Of the utmost importance on this matter is the following fact - these appointments of match officials are simply not made on merit.
The selection of the 20 members of the PGMOB Select Group is a secretive process, while the match selection itself is based on anything other than merit.
So Rob Styles, who made the highest profile blunder last weekend at Manchester United, was still given a game this weekend, to the ironic amusement of one of the PGMOB officials:

KH: "Hello Robert, it's Keith here"
RS: "Hi Keith. How are you?"
KH: "Fine Robert. Listen, this penalty you gave at the weekend ....."
RS: "What about it?"
KH: "It's caused a bit of a rumpus."
RS: "Has it? I didn't know."
KH: "Well it has, but I've got a proposition for you."
RS: "Don't like the sound of this Keith, but go on."
KH: "If I go public and say you've apologised, I reckon everything will be alright."
RS: "OK, Keith, but what's in it for me?"
KH: "Nothing ... well, apart from you being appointed to Spurs v Hull next Sunday."
RS: "Can I think about it Keith?"
KH: "Of course. The only other candidates for this game were the likes of Probert, Jones, Stroud and Tanner, so take as long as you want."
RS: "Thanks uncle ... I mean Keith!"

A further match official weighs in with the following:

"An absolute, complete and utter mockery, no other way to describe Styles appointment and, to a lesser extent, Foy's too.
"The idiots who make these appointments are nothing short of a bloody laughing stock... I despair, I really do..."
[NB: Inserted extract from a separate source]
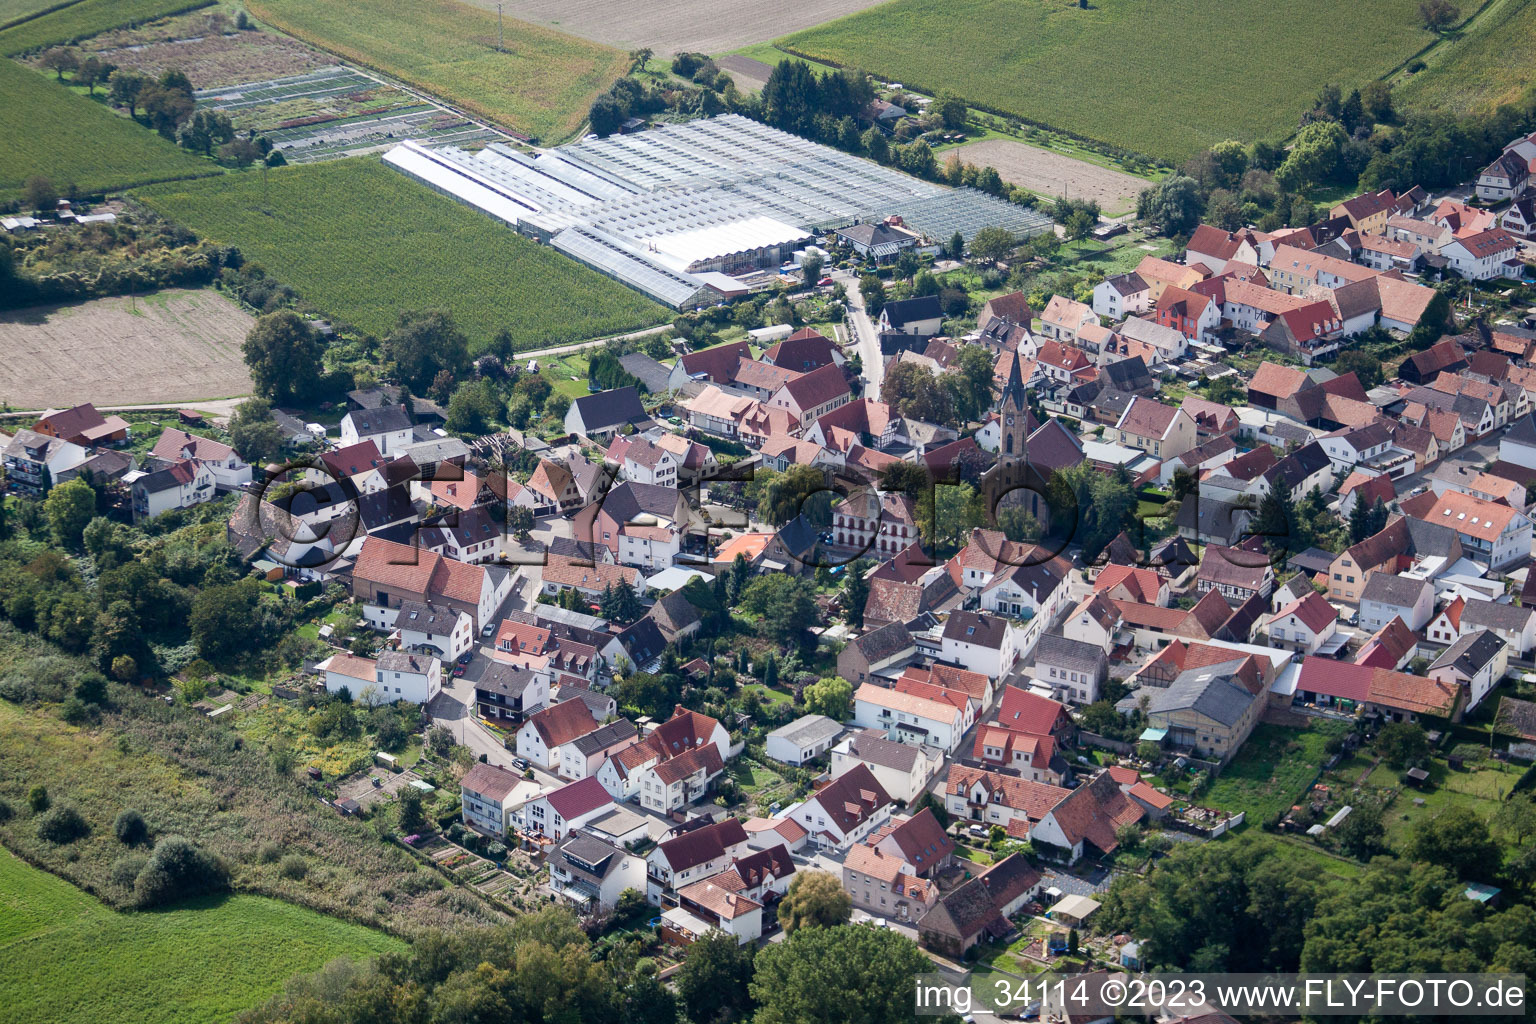 Drone recording of District Sondernheim in Germersheim in the state Rhineland-Palatinate, Germany

So, the PGMOB are continuing to face low morale within their ranks, while impacting upon the global betting markets on the larger stage. Both the standard and, particularly, the integrity of officiating is much lower in the Premiership than it is in the lesser leagues, as the PGMOB is proof of the old adage that the shit always rises to the top.
And that would include Hackett and Scudamore too.

The final word is given to yet another disaffected PGMOB official: "No-one on the Prem at the moment deserves that title [great ref]. A great referee is Joe Worrall, George Courtney, Neil Midgley, Ken Ridden or Arthur Ellis."

True.
But Mike Dean is better at ########.